In Branson, Missouri, a ball of nylon twine built by J. C. Payne of Valley View, Texas, is on display in Ripley's Believe It or Not! museum. The ball, which measures 41.5 feet (12.6 m) in circumference, was certified as the world's largest ball of twine by the Guinness Book of World Records in 1993. It is, however, the lightest of the four contenders, weighing 12,000 pounds.

==Cultural references==
- In the 1983 movie National Lampoon's Vacation, the character of Clark Griswold tells his family "Or perhaps you don't want to see the second-largest ball of twine on the face of the earth."
- Most notably, one of "Weird Al" Yankovic's original songs is "The Biggest Ball of Twine in Minnesota," from his 1989 album UHF, although Yankovic takes artistic license with the statistics. In 2019, the town renamed the street leading to the ball "Weird Alley" in Yankovic's honor.
  - Postcards that read "Greetings from the Twine Ball, wish you were here," a fictitious invention of Yankovic's, are now an attraction in Darwin. The Twineball Inn was a restaurant (not a motel) that has since closed.

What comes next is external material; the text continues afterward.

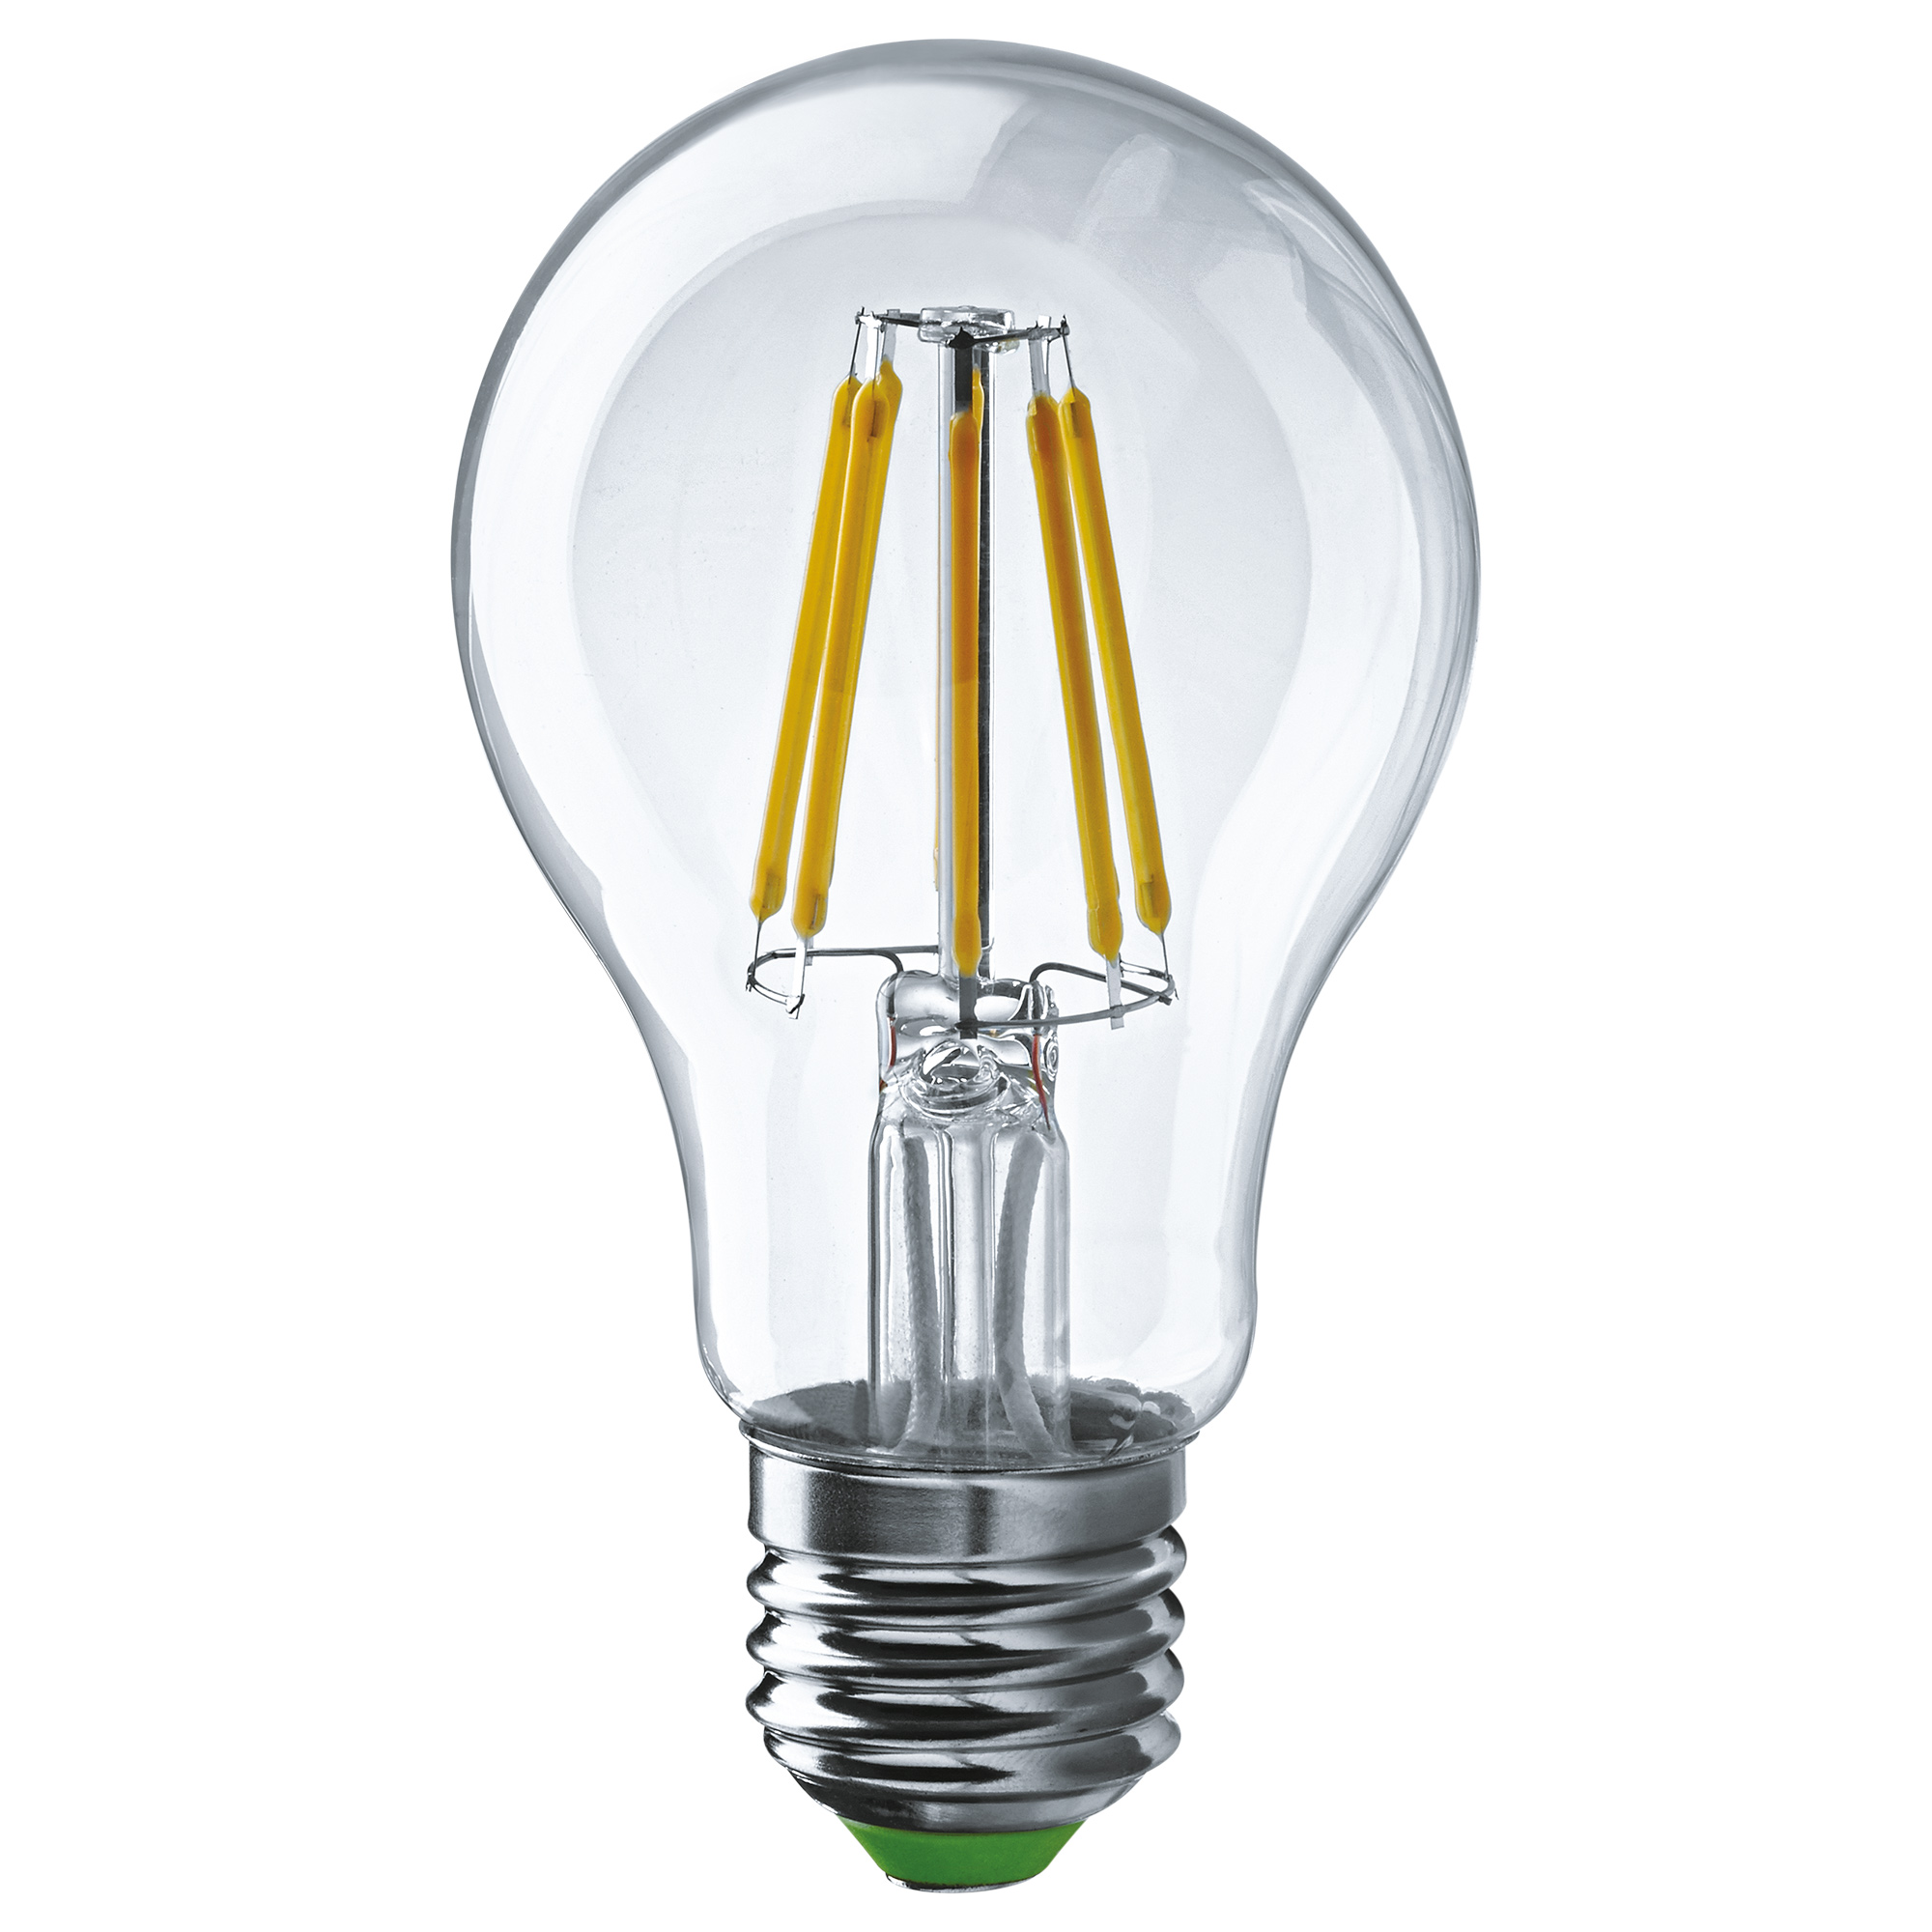 Лампа светодиодная Navigator груша прозрачная 8Вт цоколь E27 (теплый свет) лампа светодиодная navigator зеркальная r50 5вт цоколь e14 теплый свет

  - Yankovic refers to the ball itself, and thus his previous work, in the video for "White & Nerdy", wherein a Trivial Pursuit card which includes the question "In what city is the largest ball of twine built by one man?" appears on screen.
- In a Garfield and Friends episode, Jon Arbuckle takes his pets to see a giant ball of dental floss, and later a giant ball of gum wrappers.
- In the 1999 film Drop Dead Gorgeous, character Tess Weinhaus references a fictitious world's largest ball of twine in Bunde, Minnesota.
- The Cawker City, Kansas, ball of twine was the subject of the comic strip Doonesbury on July 16, 2012.
- The 1993 video game Sam and Max Hit the Road has the titular duo visit and interact with the world's largest ball of twine, retrieving key items from its interior.